Nuit 30 avril au 1er mai 1982

Vision

  Indira dans une voiture noire, sur une route absolument noire et boueuse, vêtue de noir aussi semble-t-il et sa voiture est tirée en avant par « quelque chose » (ou quelqu’un) que je ne vois pas. Il y avait un câble qui tirait sa voiture*.

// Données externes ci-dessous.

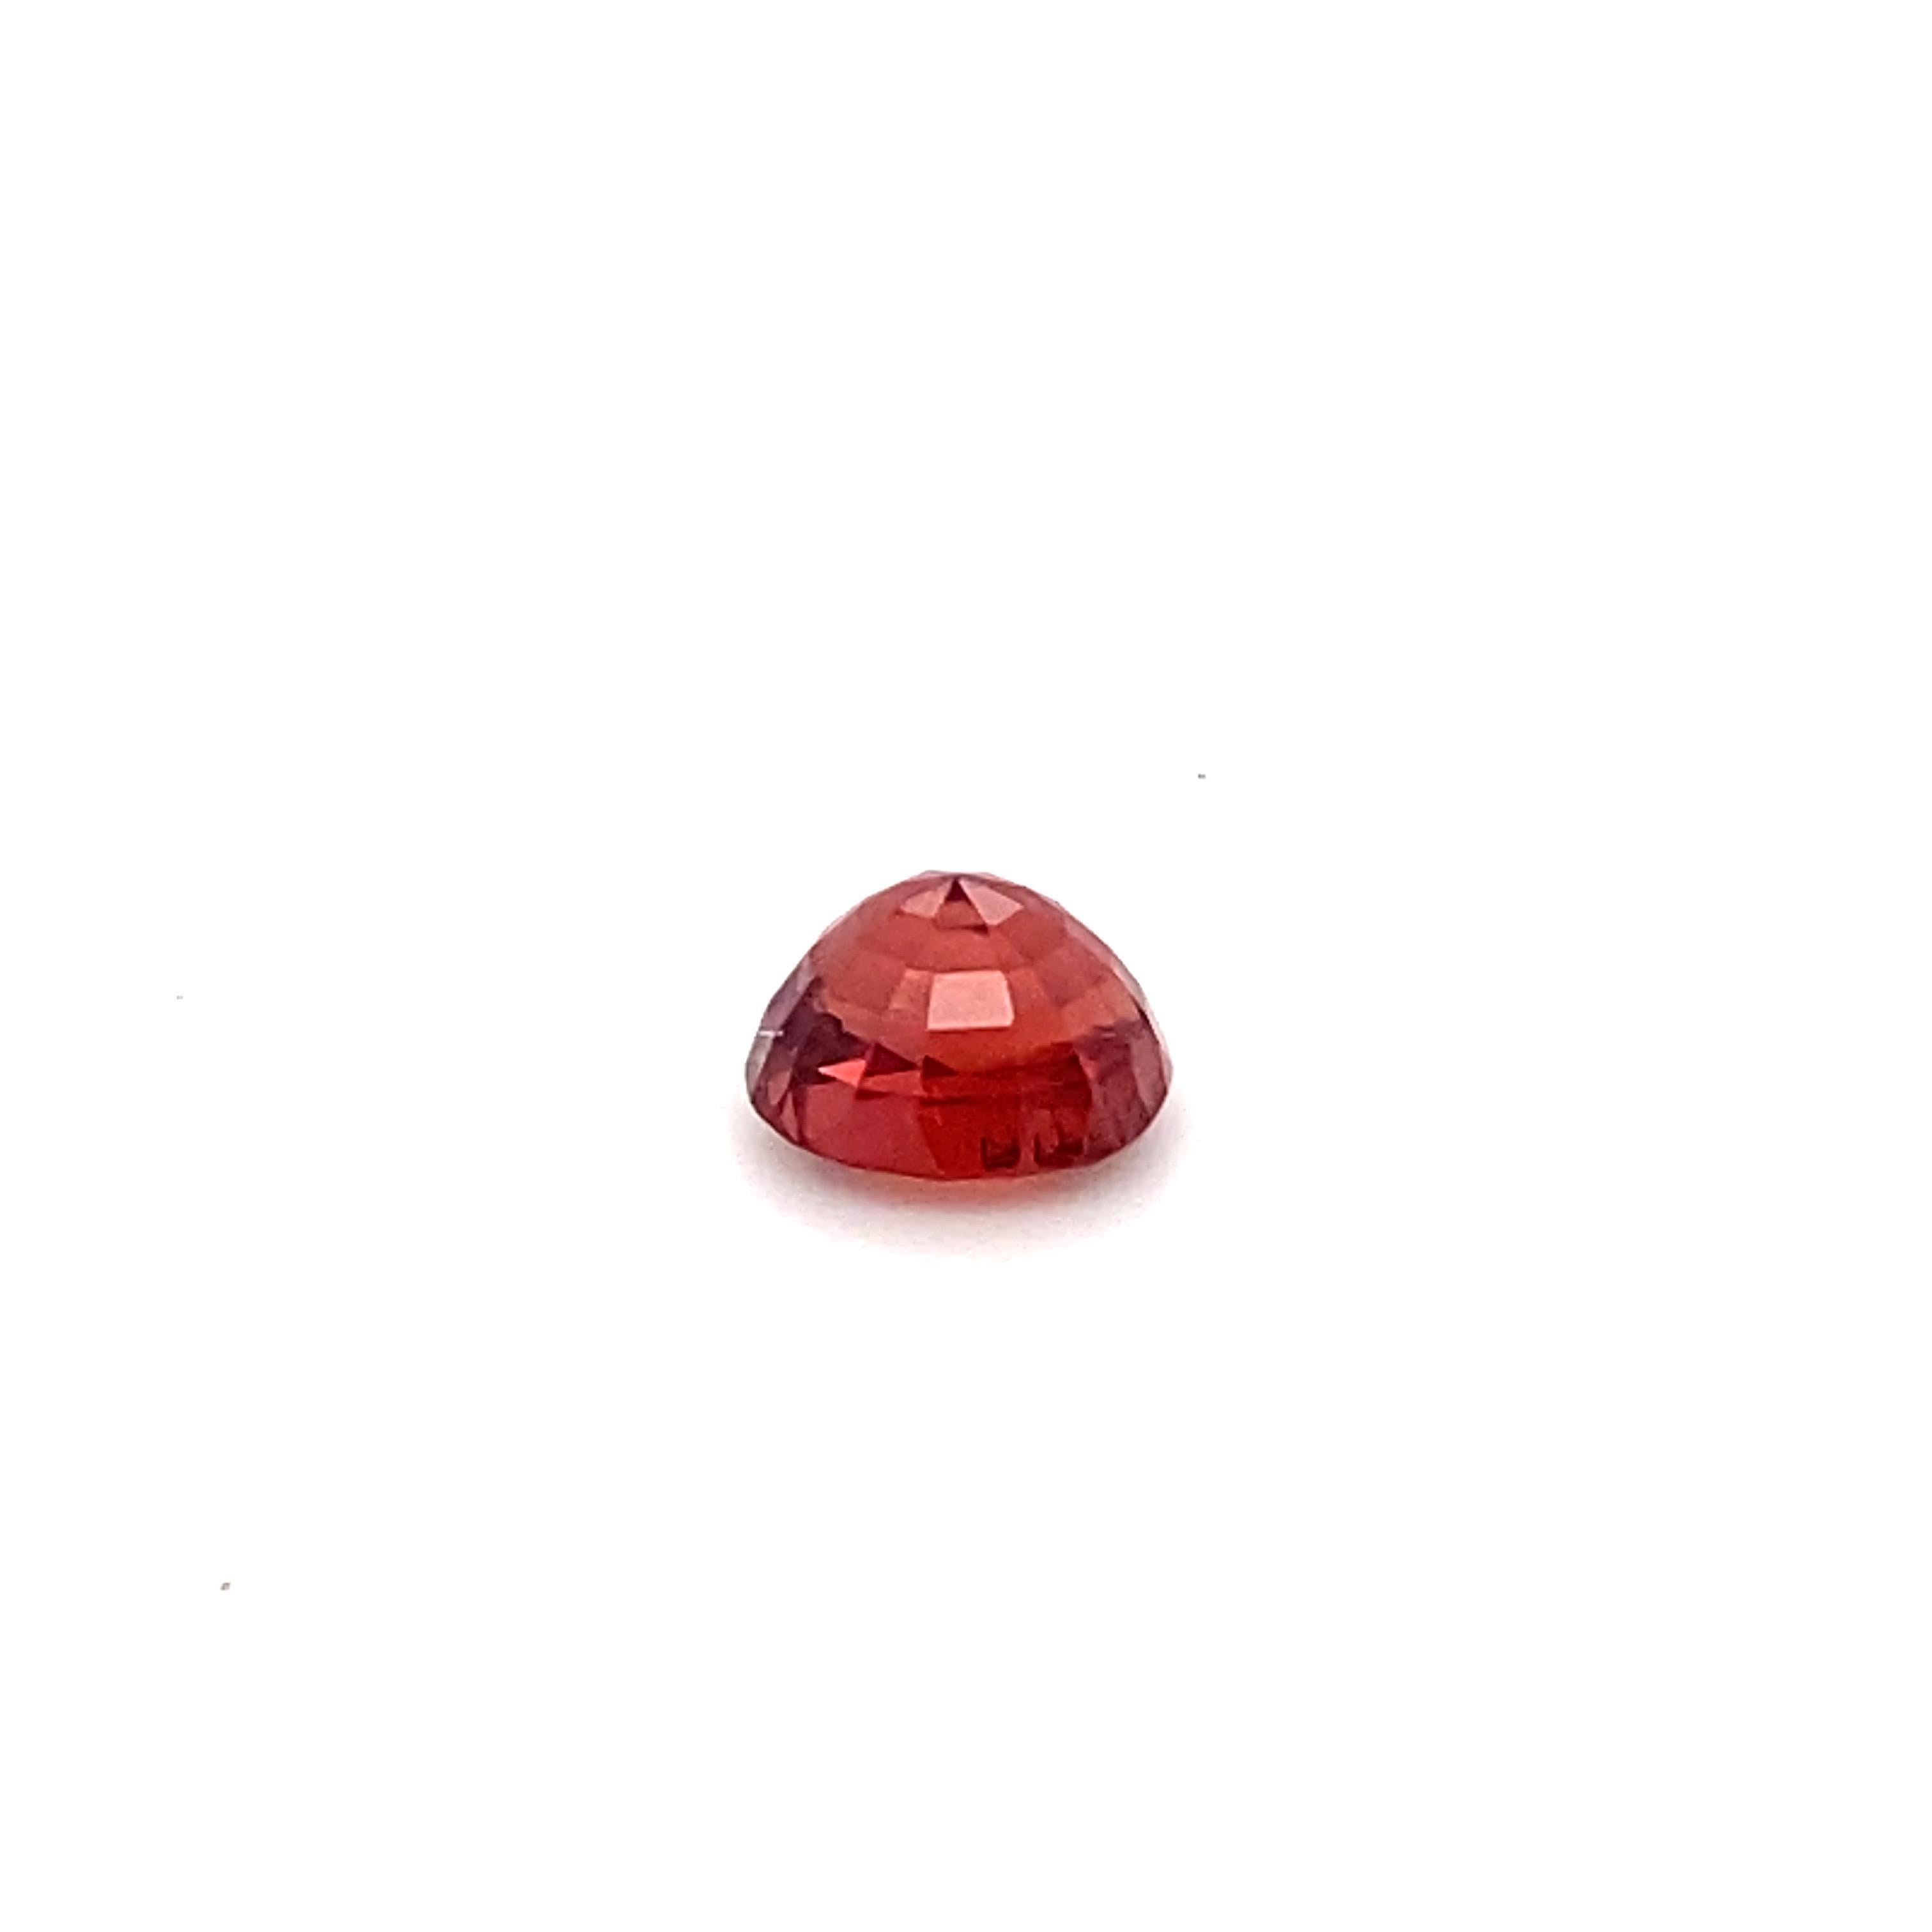 2.10 Carat Oval Shape Natural Red Spinel Loose Gemstone For Sale 14

*  Consciemment aspirer à traverser cette barrière humaine. Comme un obsédé. Qu’il y ait au moins un être humain à essayer.

Nuit du 1er au 2 mai 1982

Vision

  Sujata voit le feu dans l’un des bâtiments de l’Ashram. (C’est le passé qui brûle.)  L’impression qu’il va se produire quelque chose en Inde (ou dans le monde) ce mois-ci.

4 mai 1982

  Arrivée de l’Agenda III anglais.

6 mai 1982

  L’aspiration dans la conscience physique. Tout est contenu là.

13 mai 1982

  Oui, tirer le conte de l’avenir sur la terre.  J’écoute une musique qui vient des bords lointains de l’univers.